A mobile device may be a mobile phone, a personal digital assistant (PDA), a mobile computer, a digital camera, a mobile telecommunication device, a digital music player, a mobile handset, a handheld gaming device, a wireless mobile device, a pager, a portable computer, a tablet computer, a laptop computer, a digital calculator, a media player, an inventory control device, or any other device that can communicate via a mobile communication protocol. Although the present disclosure uses the mobile internet protocol (IP) communication protocol as an example, embodiments of the present disclosure may use other mobile communication protocols.
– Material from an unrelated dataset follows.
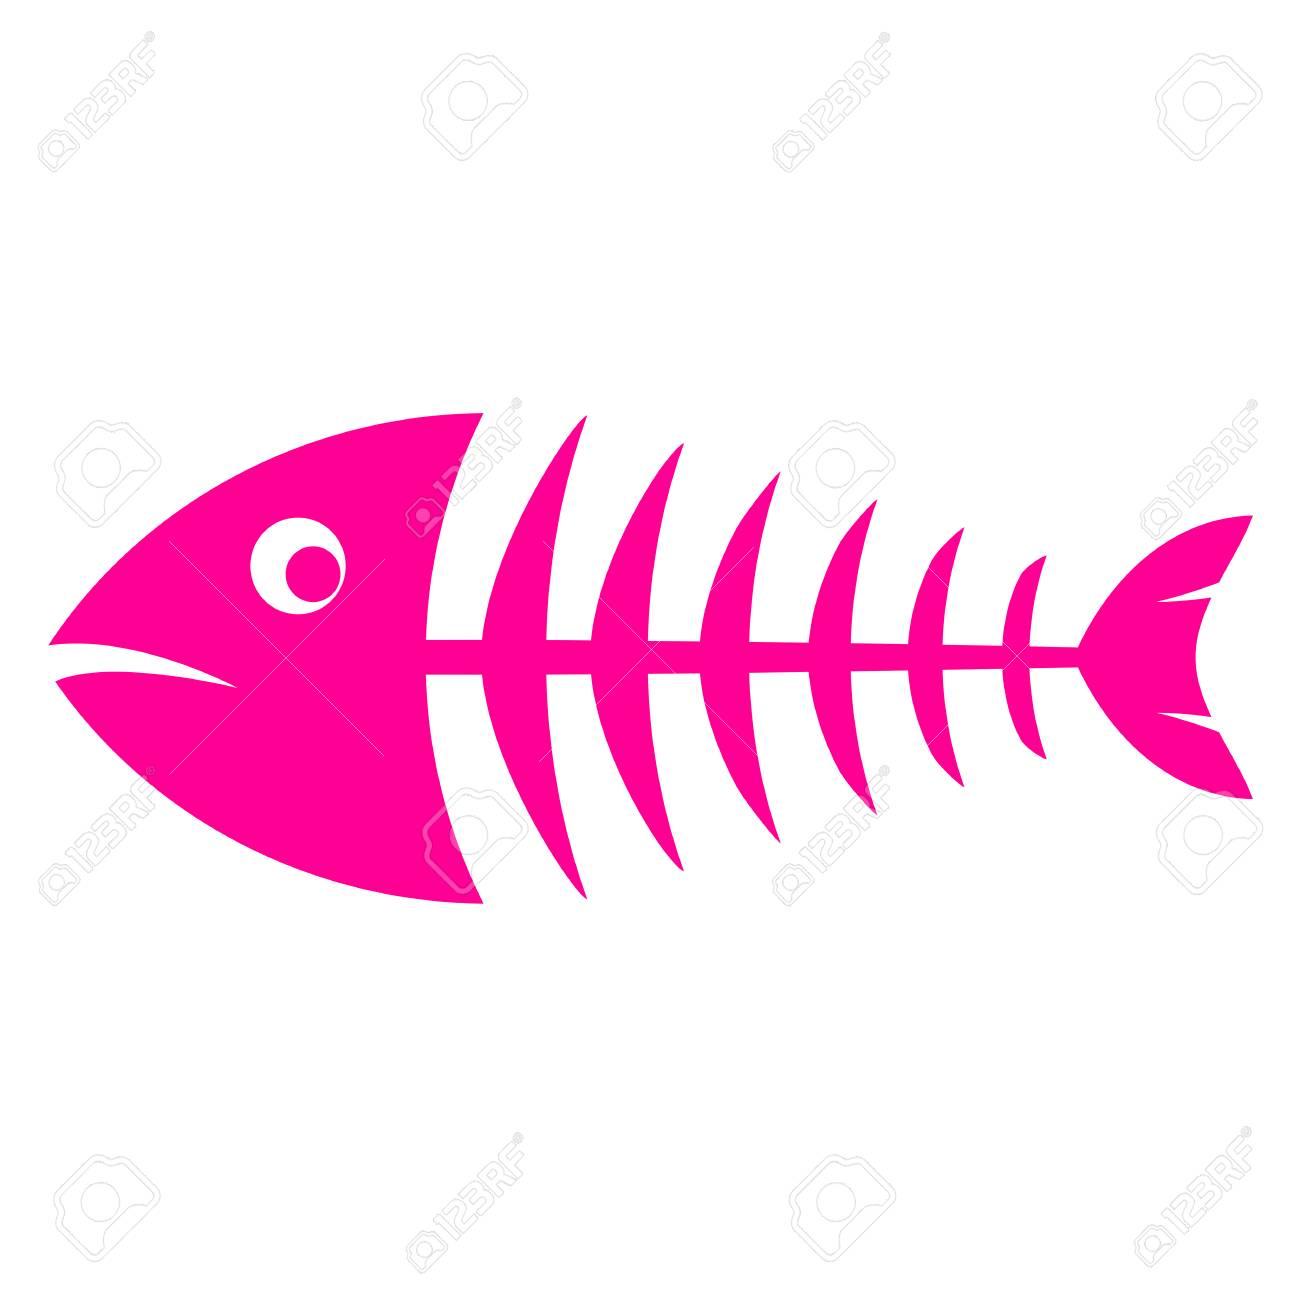 Pink fishbone vector icon - 94520175

A mobile device can communicate via two IP addresses—a permanent home address, which is associated with the communication network in which the mobile device is initially registered, and a care-of address, which is associated with another communication network that the mobile device is visiting, or using for communication. The care-of address changes as the mobile device moves from communicating via one communication network to another. A home agent is a router that stores information about mobile devices whose permanent home address is registered in the home agent's communication network. A foreign agent is a router that stores information about mobile devices visiting its communication network. Foreign agents also convey care-of addresses for visiting mobile devices to the home agents that store the home addresses for these mobile devices.
An IP communication from a communication device to the mobile device initially uses the permanent home address of the mobile device as the destination address for sending IP packets. Because the home address logically belongs to the network associated with the mobile device's home agent, normal IP routing mechanisms forward these IP packets to the home agent. However, if the home agent is notified of a care-of address for the mobile device, the home agent redirects these IP packets towards the foreign agent that provided the care-of address instead of forwarding these IP packets to a destination that is physically in the same network as the home agent. The home agent looks for the care-of address in a table known as a binding table and then tunnels the IP packets to the mobile device's care-of address by appending a new IP header to the original IP packet, thereby preserving the original IP packet header. The foreign agent decapsulates IP packets at the end of the tunnel to remove the IP headers added by the home agent, and delivers the IP packets to the mobile device.
The mobile device may send IP packets directly to the communication device through the foreign agent, without sending the IP packets through the home agent, using its permanent home address as the source address for the IP packets. Using the home address for the source address while bypassing the home agent is known as triangular routing. In some networks, the foreign agent may employ “reverse tunneling” by tunneling the mobile device's IP packets to the home agent, which in turn forwards them to the communication device.
However, the use of a foreign agent is optional. Mobile IP communication protocol includes a mode of operation known as “co-located IP address”, which enables mobile device software to perform many of the equivalent roles of the foreign agent. This mode of operation is adopted when it is not possible to have foreign agent functionality, such as when using an existing packet data serving node (PDSN) or a roaming wireless local area network that does not support a foreign agent.